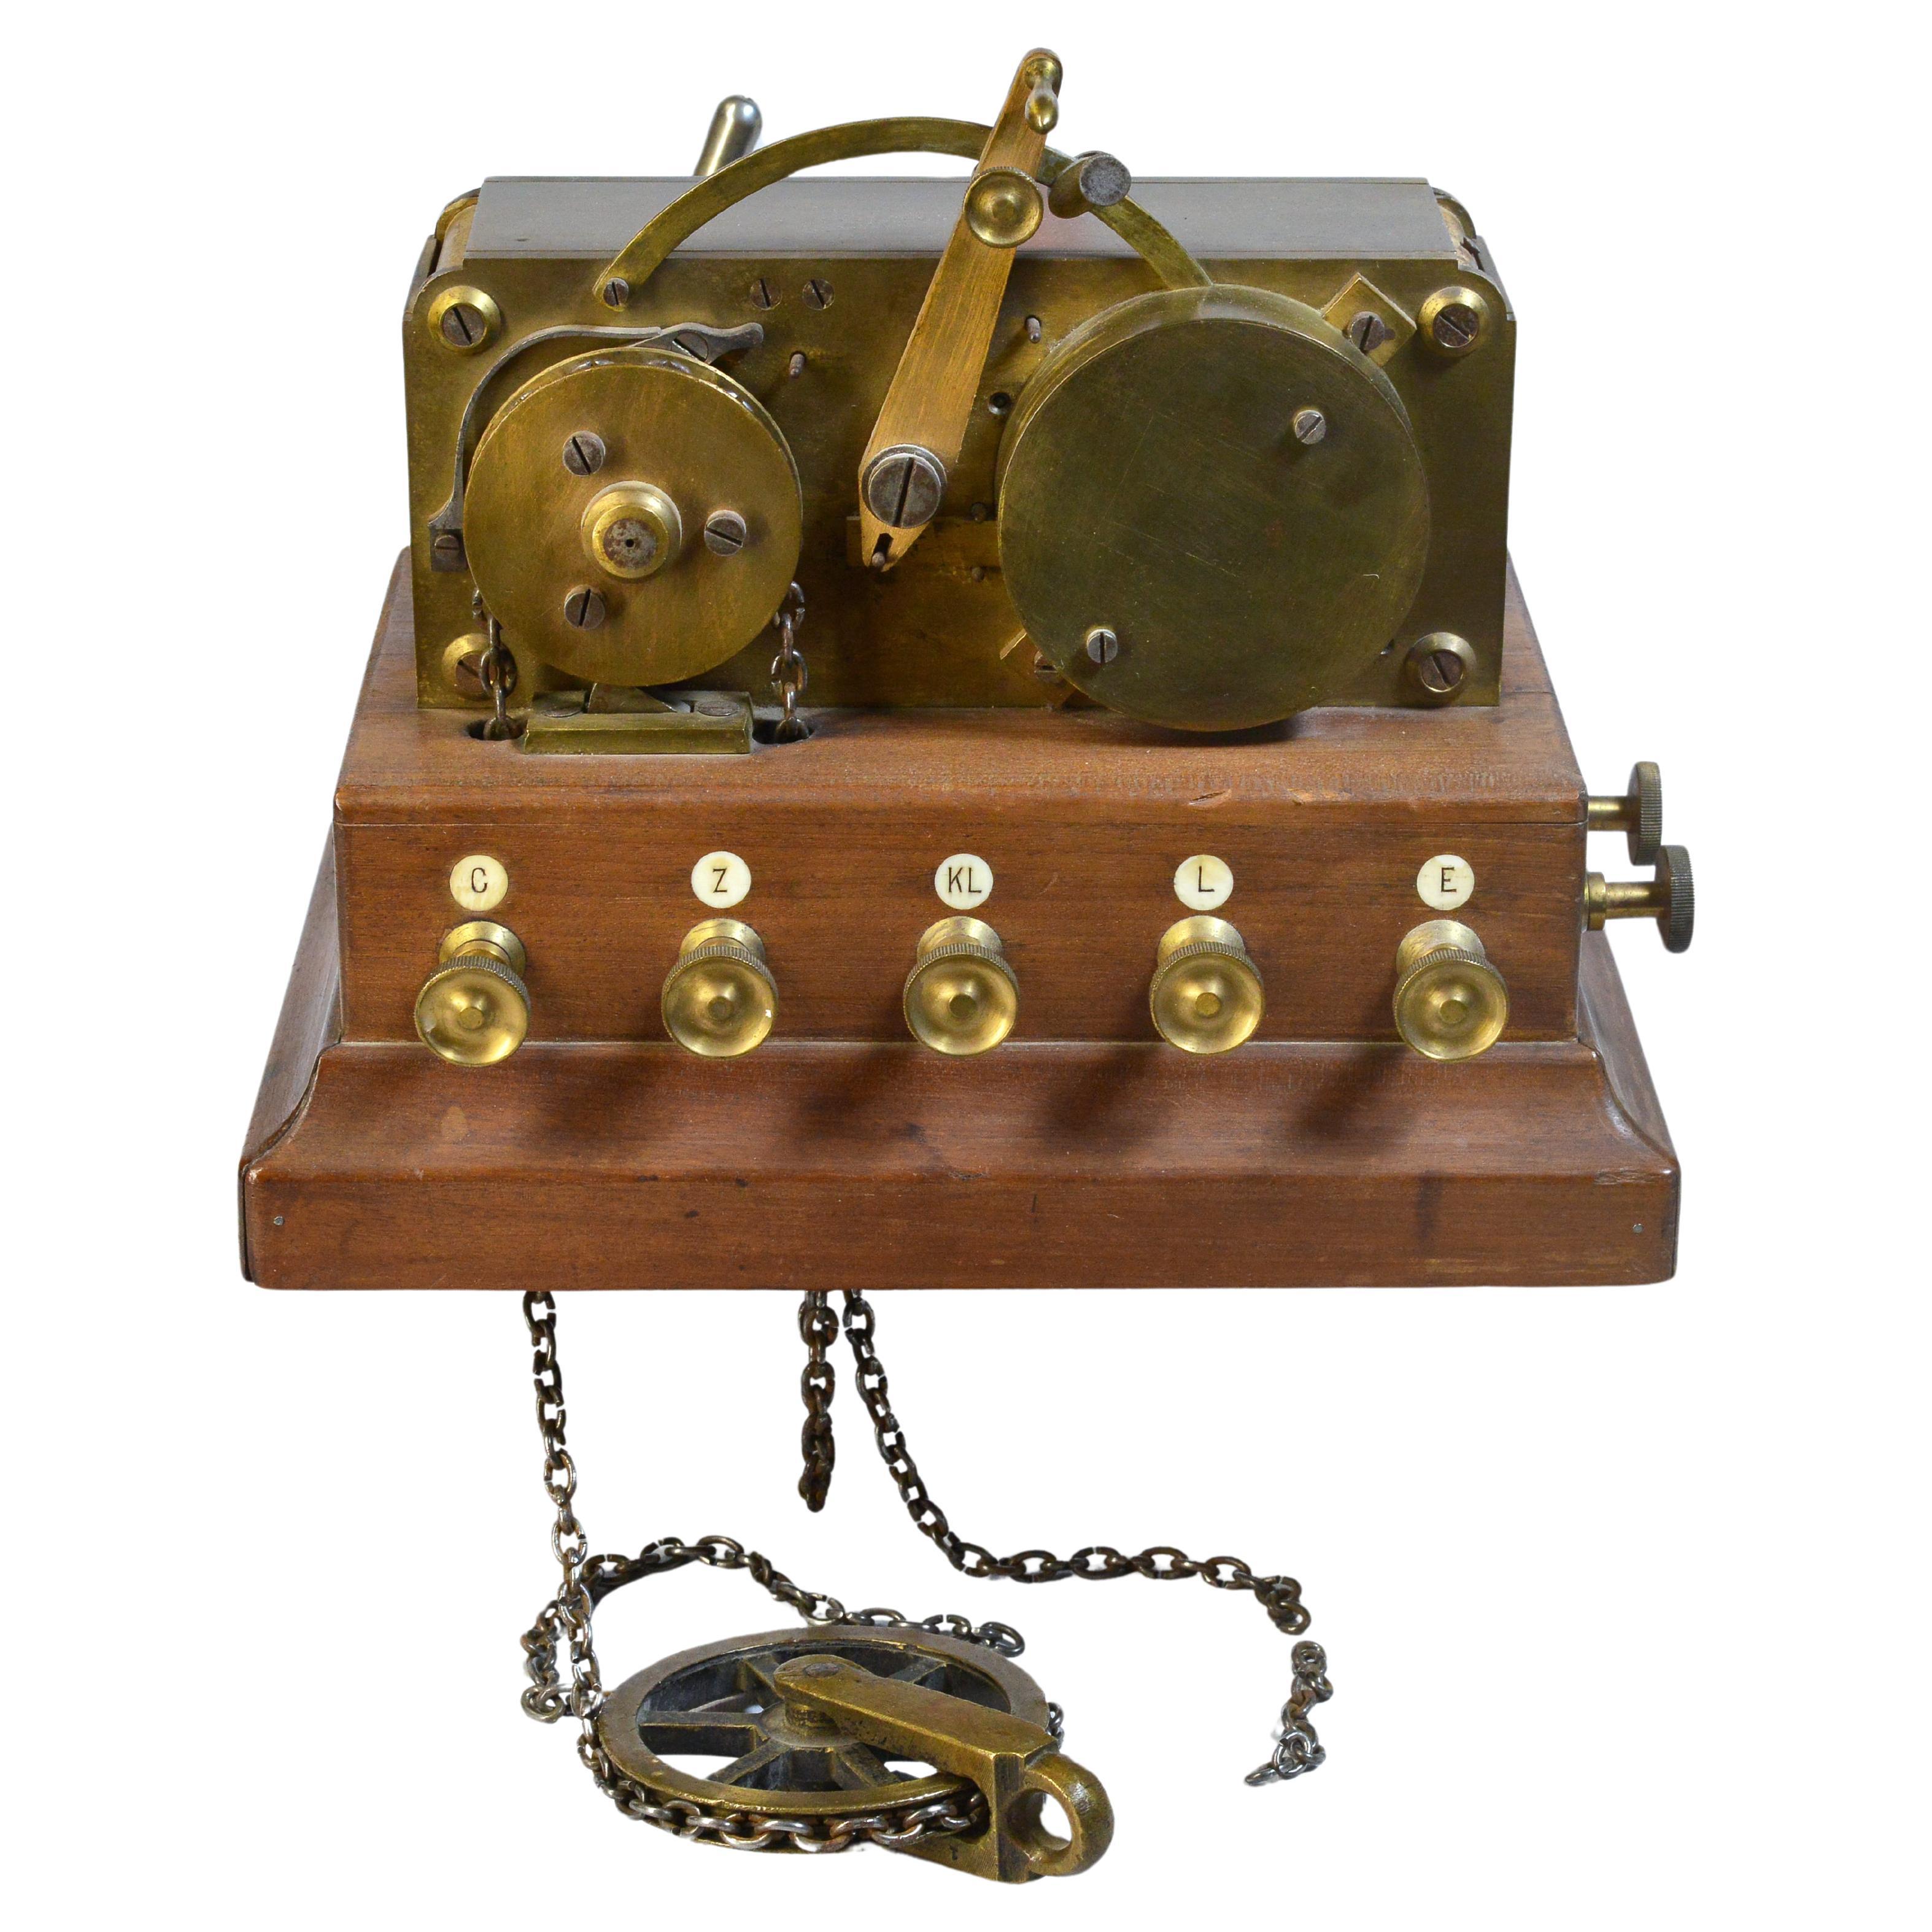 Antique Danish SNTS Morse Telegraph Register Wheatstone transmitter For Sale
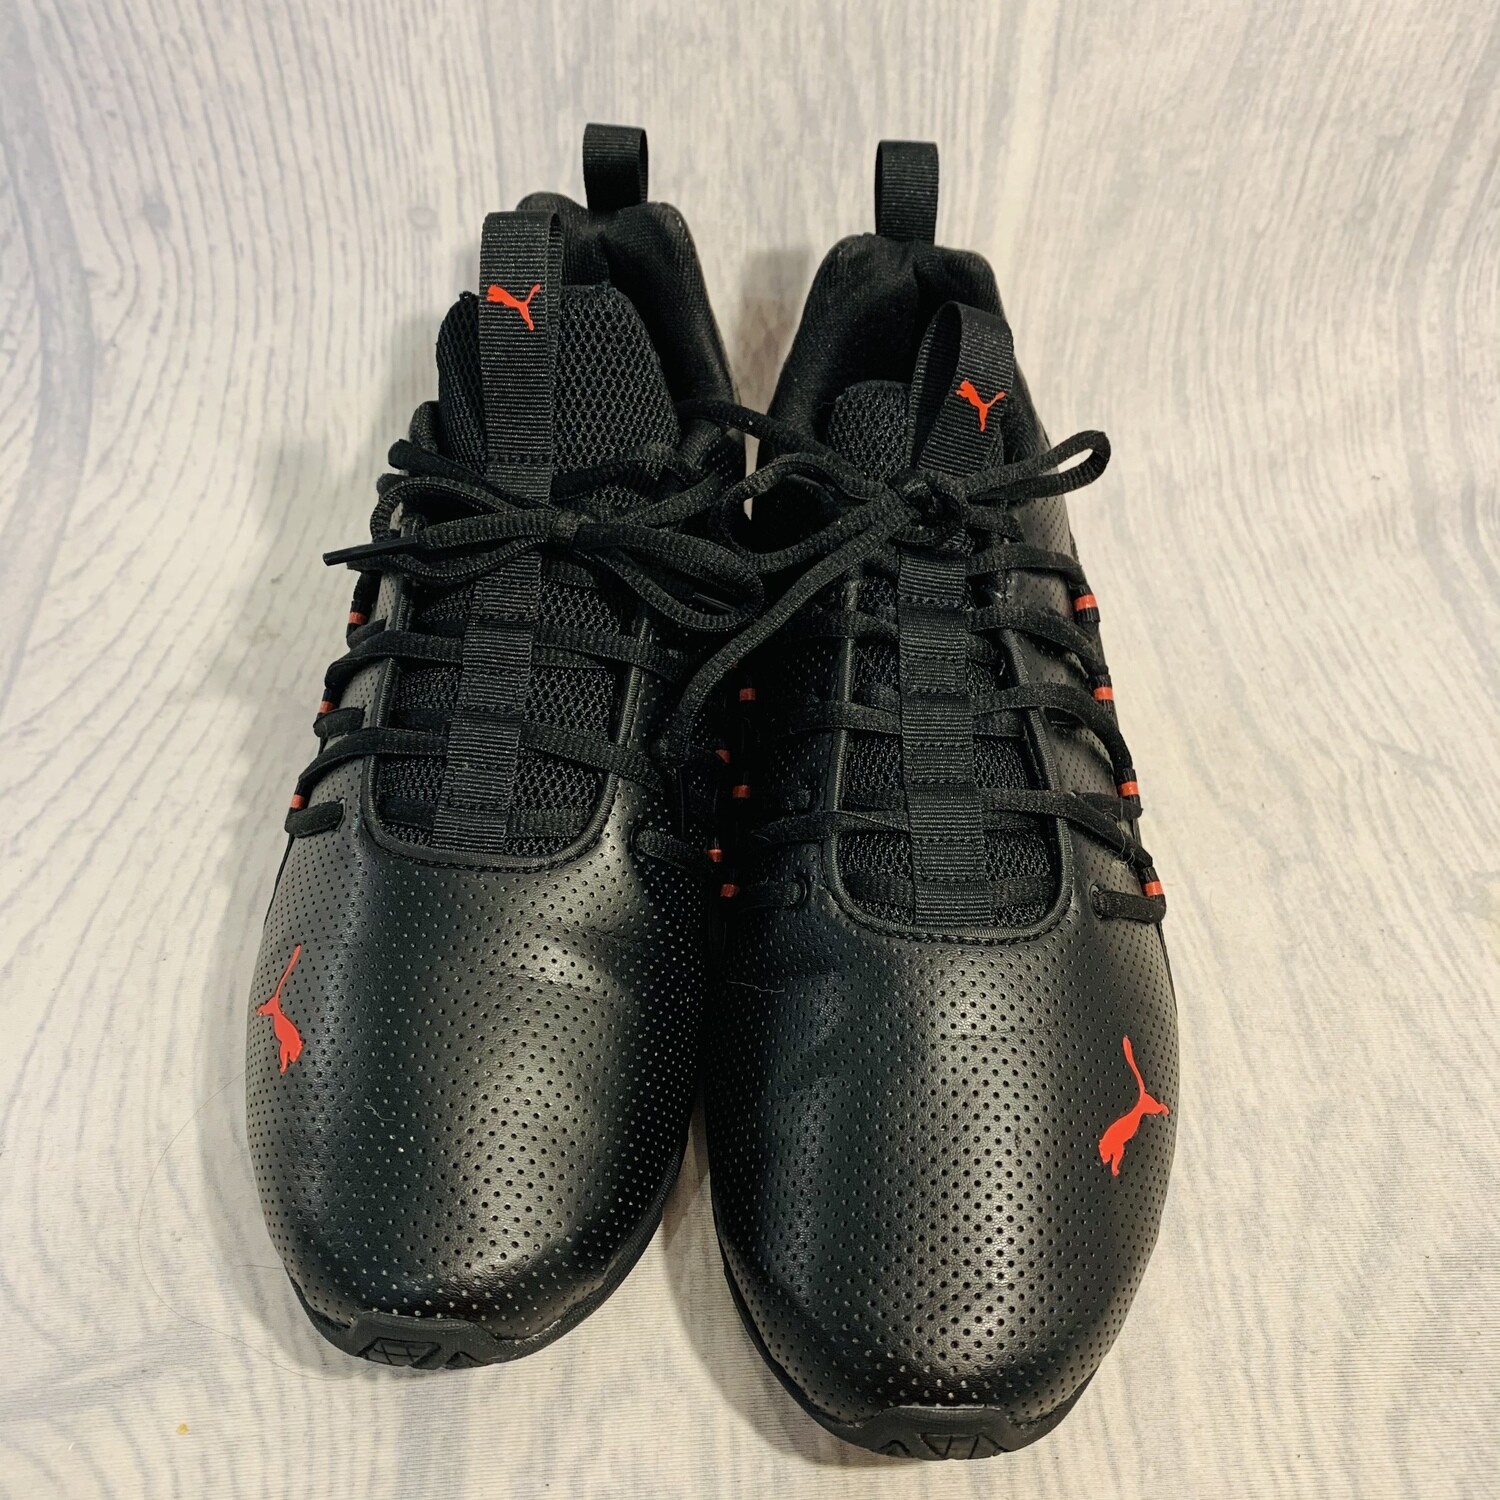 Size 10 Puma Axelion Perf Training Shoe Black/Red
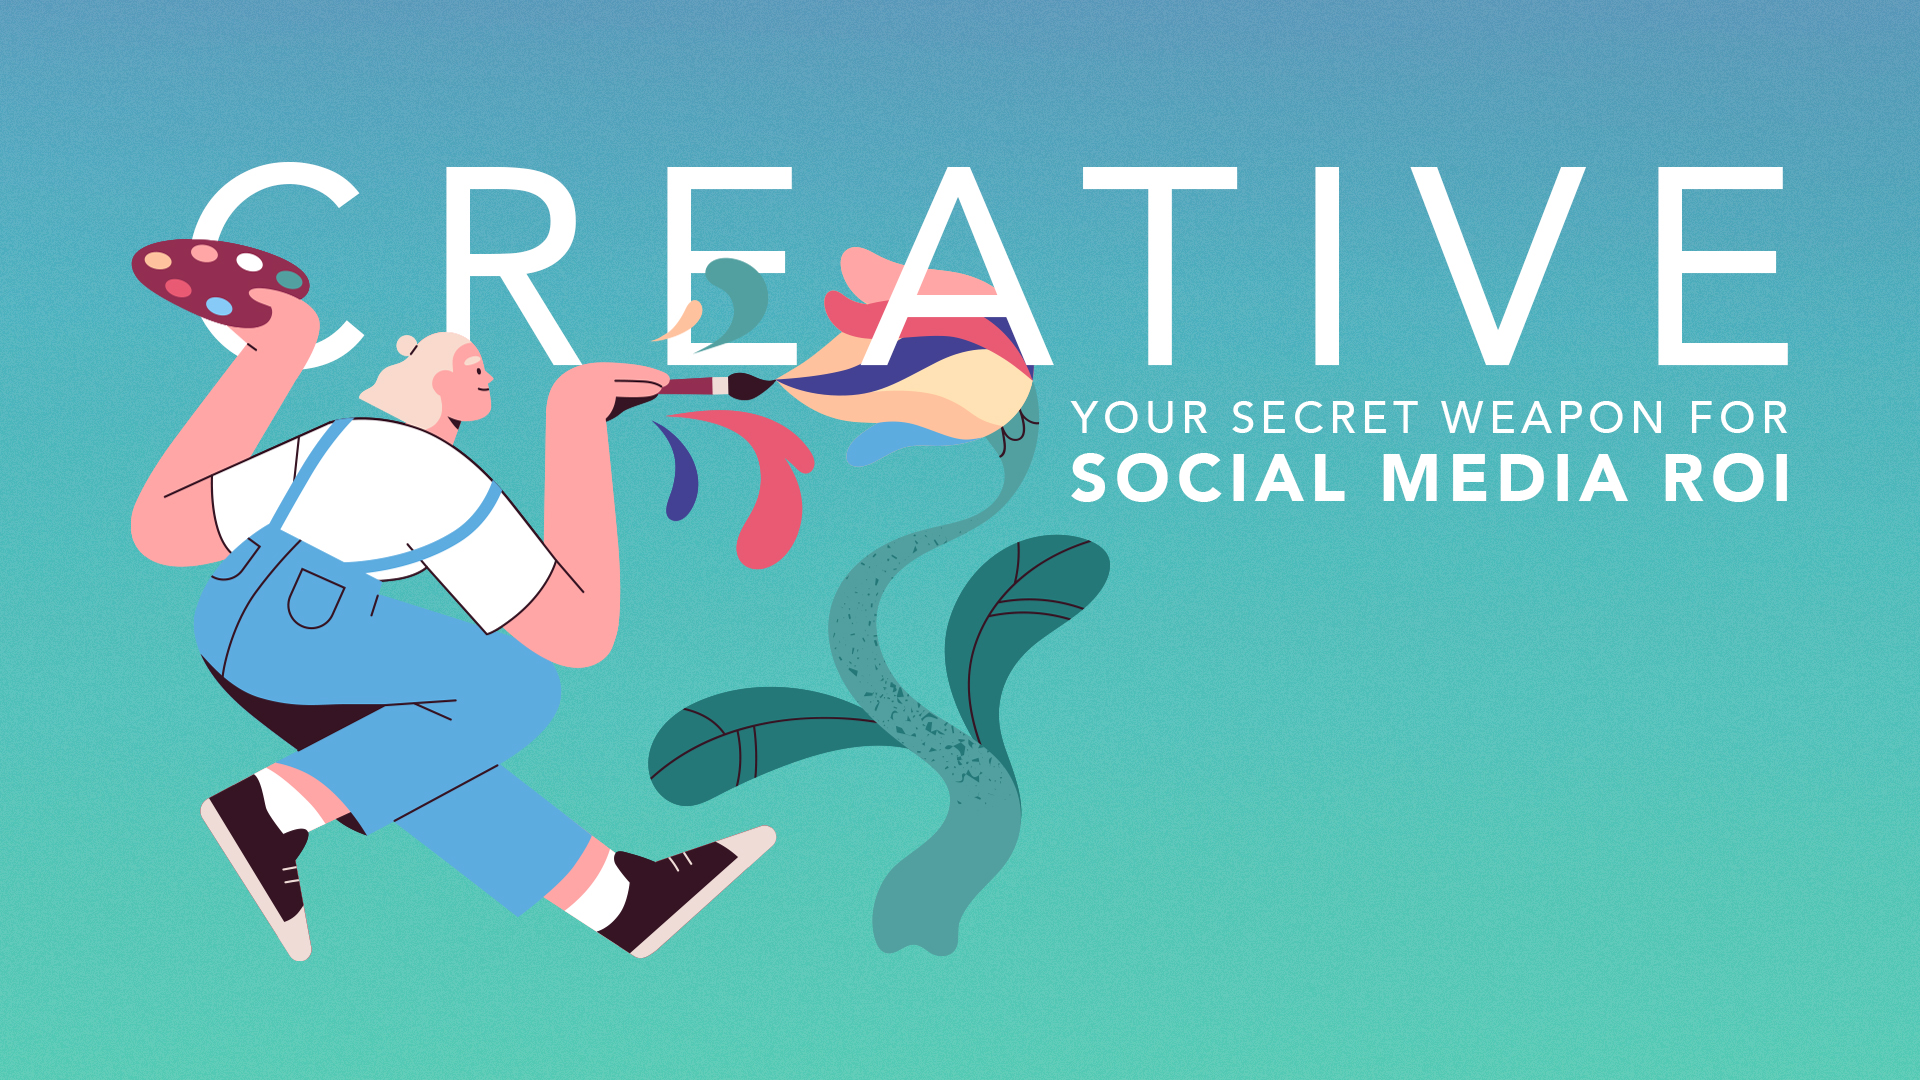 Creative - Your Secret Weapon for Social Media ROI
▬▬▬▬▬▬
### Problem to work on
The whole listing above is to be printed again exactly; pictures stay out of it.

### Result
 Antique Danish SNTS Morse Telegraph Register Wheatstone transmitter For Sale
 Size 10 Puma Axelion Perf Training Shoe Black/Red
 Creative - Your Secret Weapon for Social Media ROI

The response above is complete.